Он слушал, как шаги стихали, потом стихли, и только деревья что-то
шептали перед рассветом в сгустившейся темноте... Потом с моря надвинулась
мглистая туча, и пошел тихий дождь, недолгий и теплый, покрывший весь парк
шорохом капель по листьям.
Сначала этот шорох слышали два человека в Центральном парке, а потом
только один...
Другого на утро ранняя заря застала висящим на одном из шептавших
деревьев, со страшным, посиневшим лицом и застывшим стеклянным взглядом.
Это был тот, что подходил к кустам, заглядывая на лежавшего лозищанина.
Человек без языка увидел его первый, поднявшись с земли от холода, от
сырости, от тоски, которая гнала его с места.
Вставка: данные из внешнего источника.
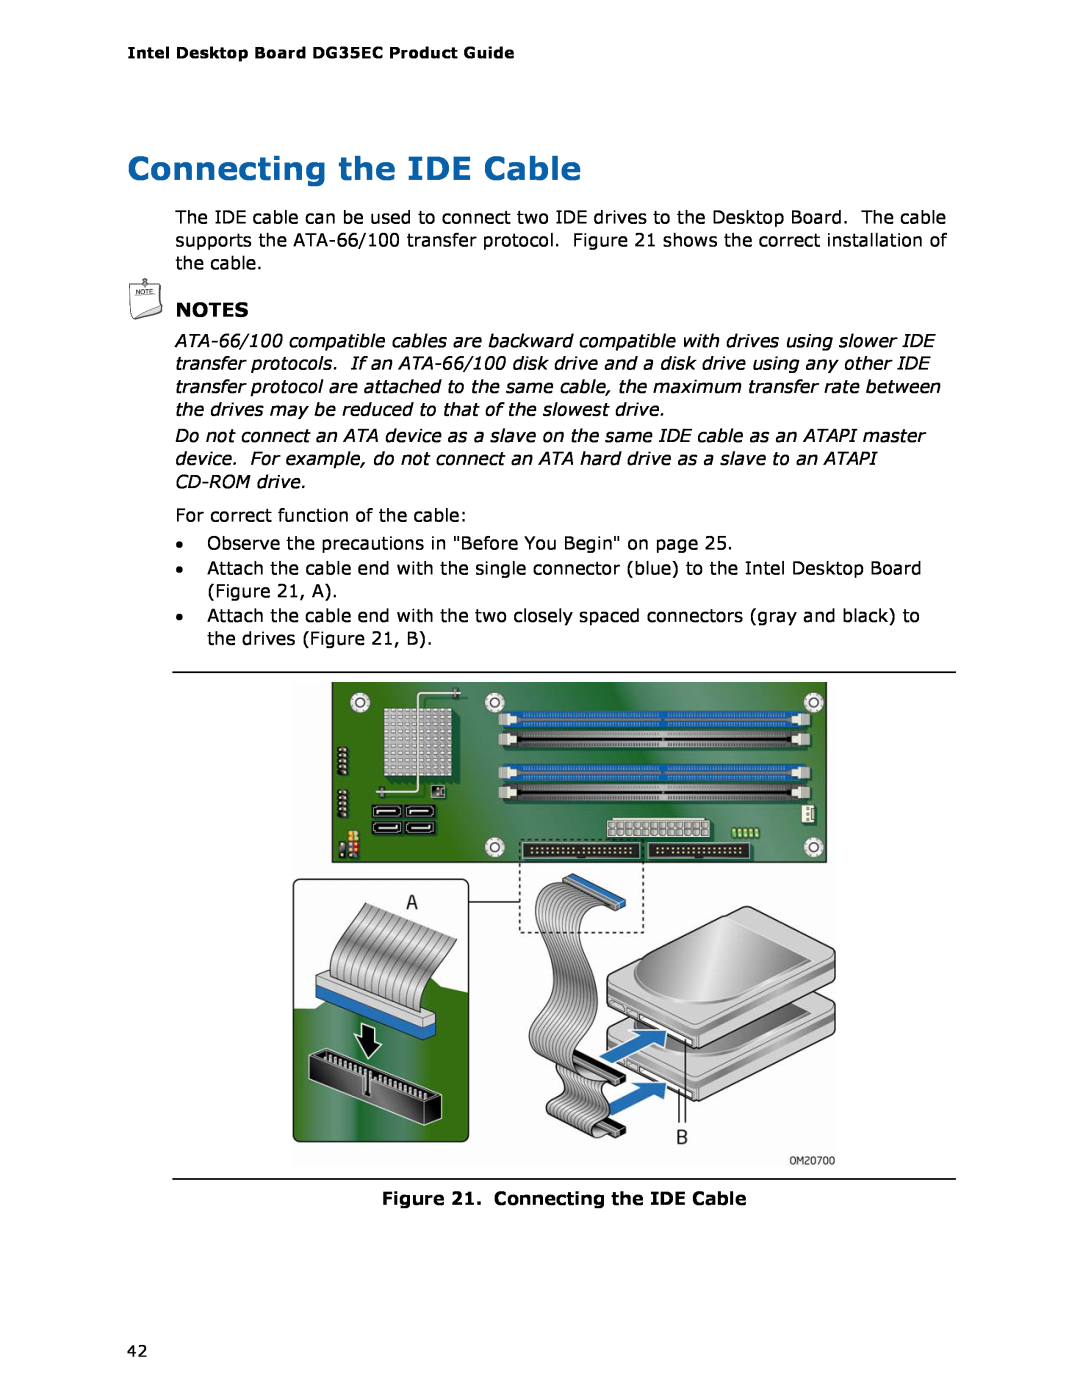 Intel Intel Desktop Board, DG35EC manual Connecting the IDE Cable

Он остановился перед Ним, как
вкопанный, невольно перекрестился и быстро побежал по дорожке, с лицом,
бледным, как полотно, с испуганными сумасшедшими глазами... Может быть, ему
было жалко, а может быть, также он боялся попасть в свидетели... Что он
скажет, он, человек без языка, без паспорта, судьям этой проклятой
стороны?..
В это время его увидал сторож, который, зевая, потягивался под своим
навесом. Он подивился на странную одежду огромного человека, вспомнил, что
как будто видел его ночью около волчьей клетки, и потом с удивлением
рассматривал огромные следы огромных сапог лозищанина на сырой песчаной
дорожке...
XXII
В это утро безработные города Нью-Йорка решили устроить митинг. Час был
назначен ранний, так, чтобы шествие обратило внимание всех, кто сам спешит
на работу в конторы, на фабрики и в мастерские.
О предстоящем митинге уже за неделю писали в газетах, сообщая его
программу и имена ораторов. Предвидели, что толпа может "выйти из порядка",
интервьюировали директора полиции и вожаков рабочего движения. Газеты
биржевиков и Тамани-холла громили "агитаторов", утверждали, что только
иностранцы да еще лентяи и пьяницы остаются без работы в этой свободной
стране. Рабочие газеты возражали, но тоже призывали к достоинству, порядку и
уважению к законам. "Не давайте противникам повода обвинять вас в
некультурности", -- писали известные вожаки рабочего движения.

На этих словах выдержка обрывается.